Dislocation is a common reason for revision following total hip replacement. This study investigated the relationship between the bearing surface and the risk of revision due to dislocation. It was based on 110 239 primary total hip replacements with a diagnosis of osteoarthritis collected by the Australian Orthopaedic Association National Joint Replacement Registry between September 1999 and December 2007. A total of 862 (0.78%) were revised because of dislocation. Ceramic-on-ceramic bearing surfaces had a lower risk of requiring revision due to dislocation than did metal-on-polyethylene and ceramic-on-polyethylene surfaces, with a follow-up of up to seven years. However, ceramic-on-ceramic implants were more likely to have larger prosthetic heads and to have been implanted in younger patients. The size of the head of the femoral component and age are known to be independent predictors of dislocation. Therefore, the outcomes were stratified by the size of the head and age. There is a significantly higher rate of revision for dislocation in ceramic-on-ceramic bearing surfaces than in metal-on-polyethylene implants when smaller sizes (< or = 28 mm) of the head were used in younger patients (< 65 years) (hazard ratio = 1.53, p = 0.041) and also with larger (> 28 mm) and in older patients (> or = 65 years) (hazard ratio = 1.73, p = 0.016).

摘要

脱位是全髋关节置换术后翻修的常见原因。

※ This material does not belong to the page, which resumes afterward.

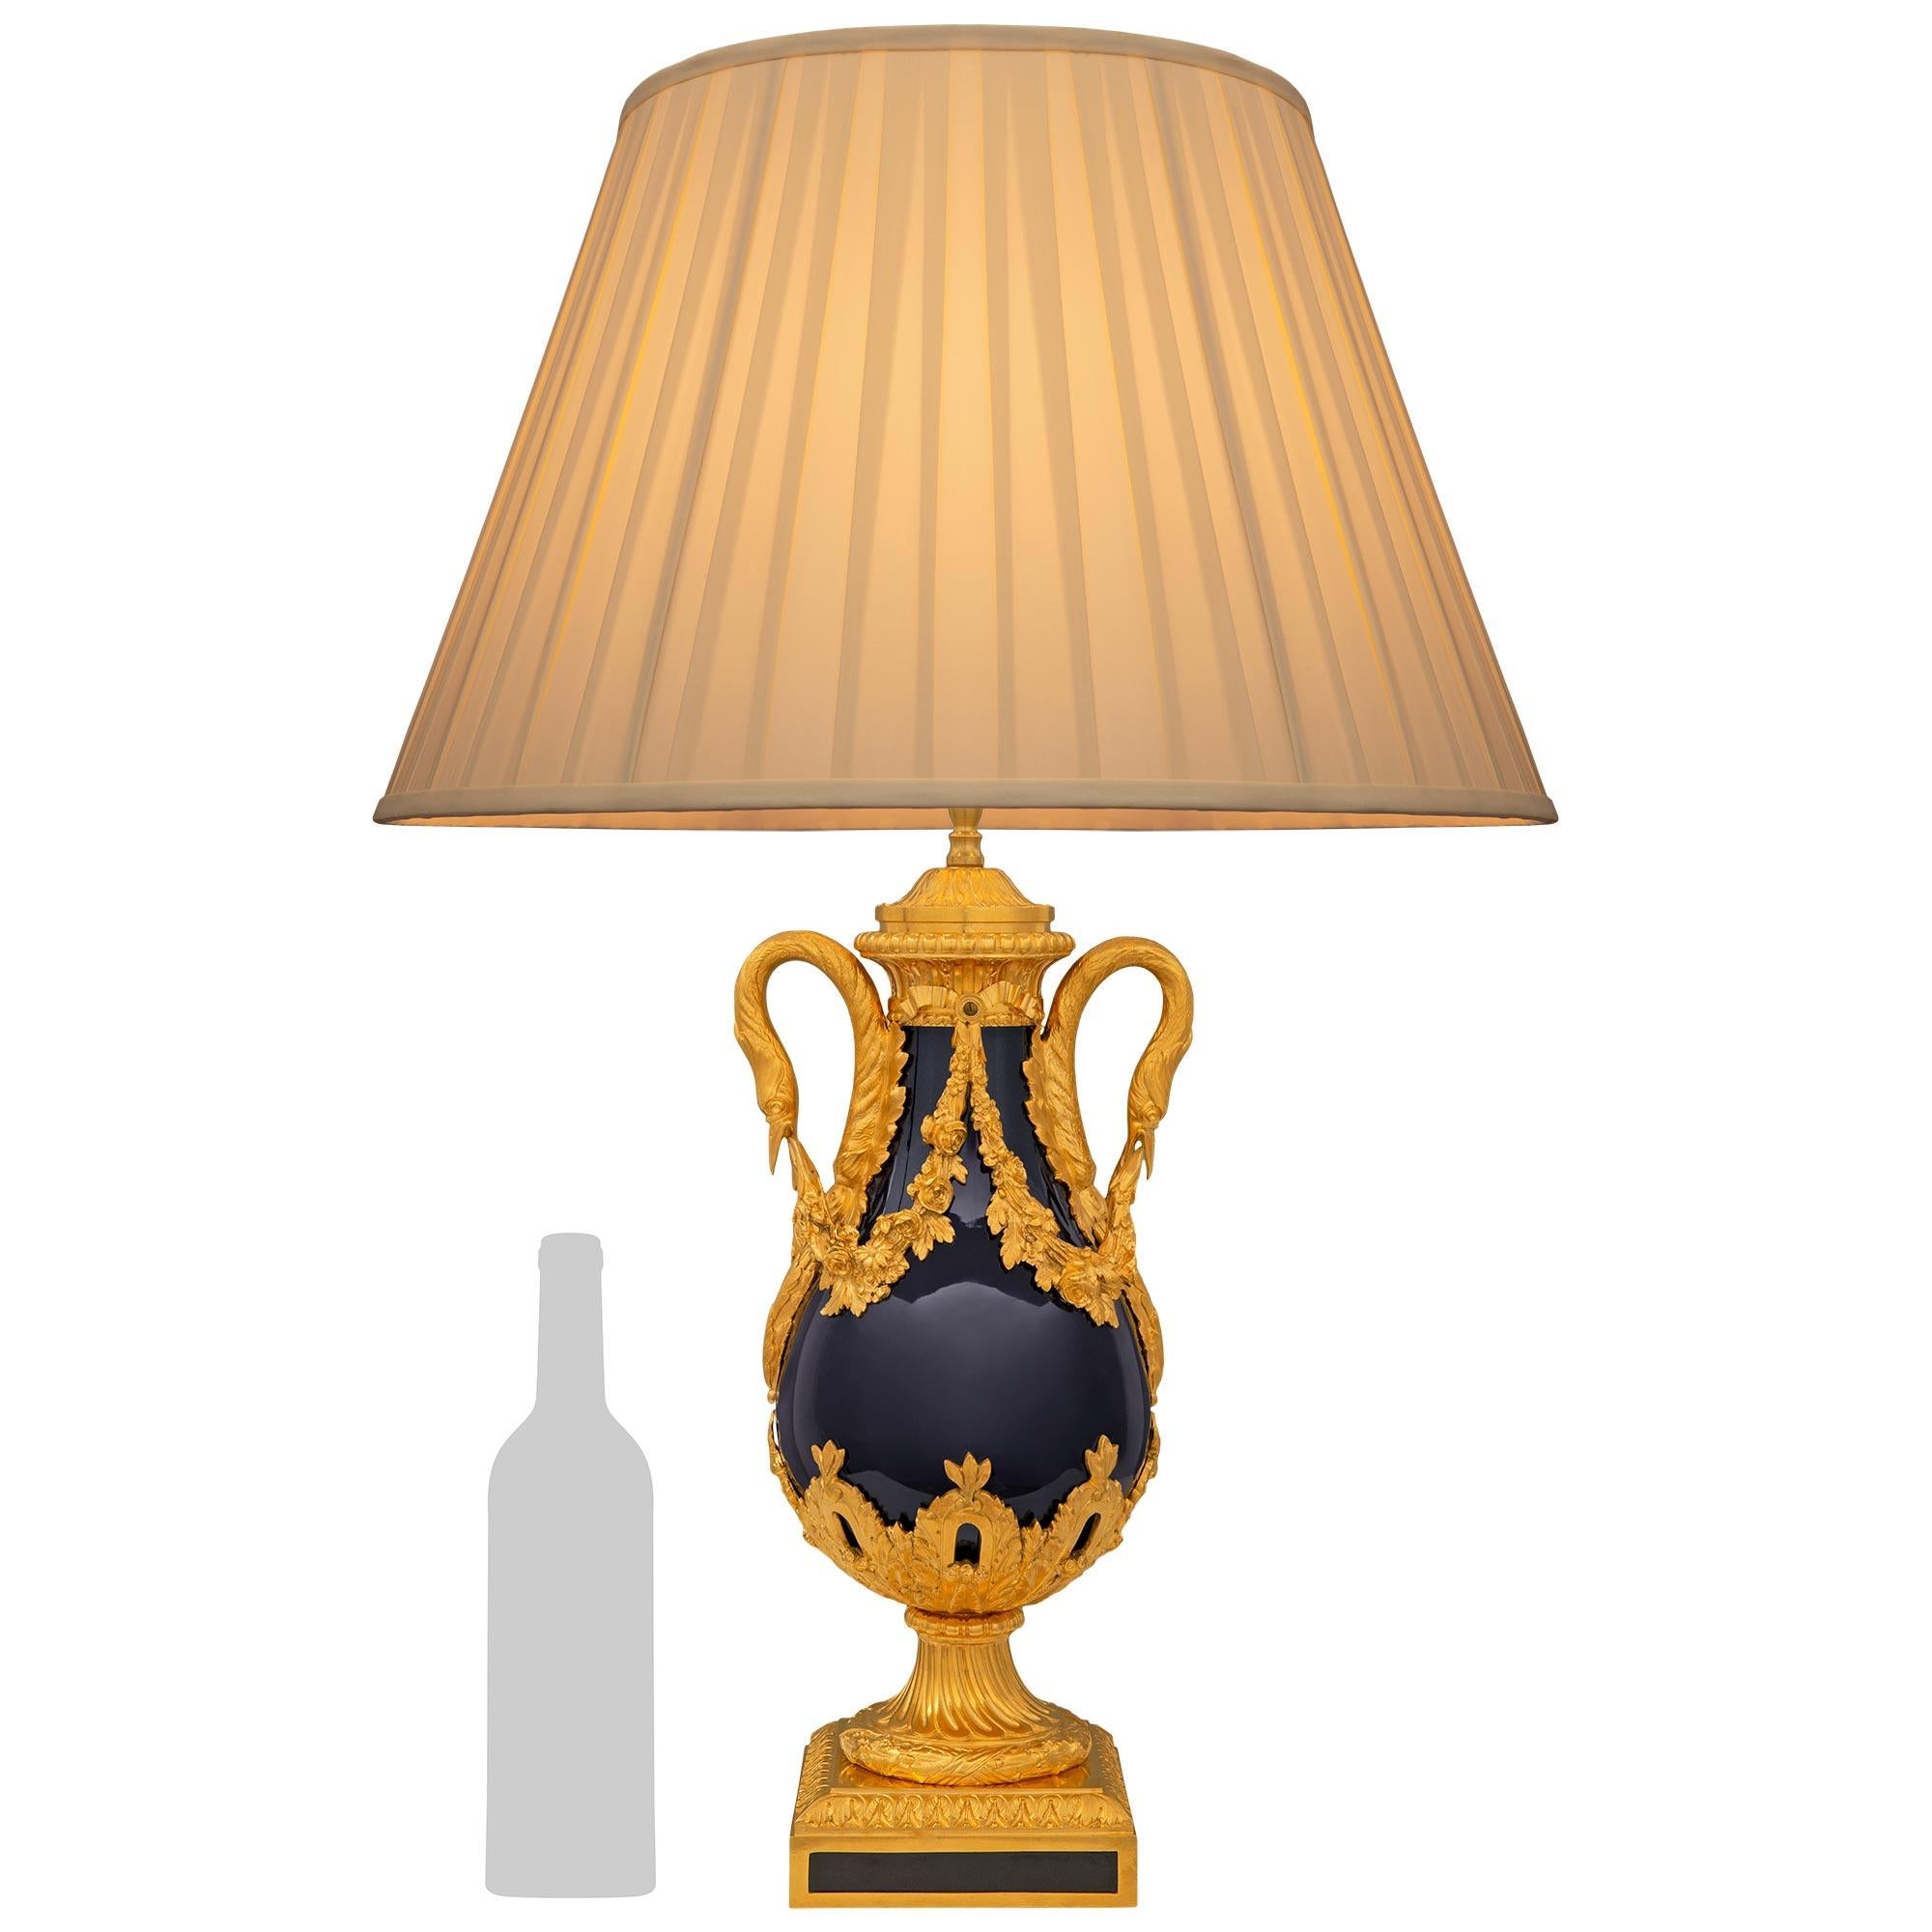 Lampe en porcelaine de Sèvres et bronze d'orfèvrerie de très grande qualité et de style Louis XVI du XIXe siècle. La lampe repose sur une base carrée en bronze doré avec d'élégantes et uniques plaques de porcelaine ajustées de chaque côté, avec une

本研究调查了关节面与脱位导致翻修风险之间的关系。该研究基于澳大利亚骨科协会国家关节置换登记处1999年9月至2007年12月收集的110239例诊断为骨关节炎的初次全髋关节置换病例。共有862例(0.78%)因脱位而进行了翻修。在长达七年的随访中,陶瓷对陶瓷关节面因脱位而需要翻修的风险低于金属对聚乙烯和陶瓷对聚乙烯关节面。然而,陶瓷对陶瓷植入物更有可能使用较大的假体头,并且植入的患者更年轻。已知股骨部件头的尺寸和年龄是脱位的独立预测因素。因此,根据头的尺寸和年龄对结果进行分层。当在年轻患者(<65岁)中使用较小尺寸(≤28mm)的头时,陶瓷对陶瓷关节面因脱位而翻修的发生率显著高于金属对聚乙烯植入物(风险比=1.53,p=0.041),在使用较大尺寸(>28mm)的头以及老年患者(≥65岁)中也是如此(风险比=1.73,p=0.016)。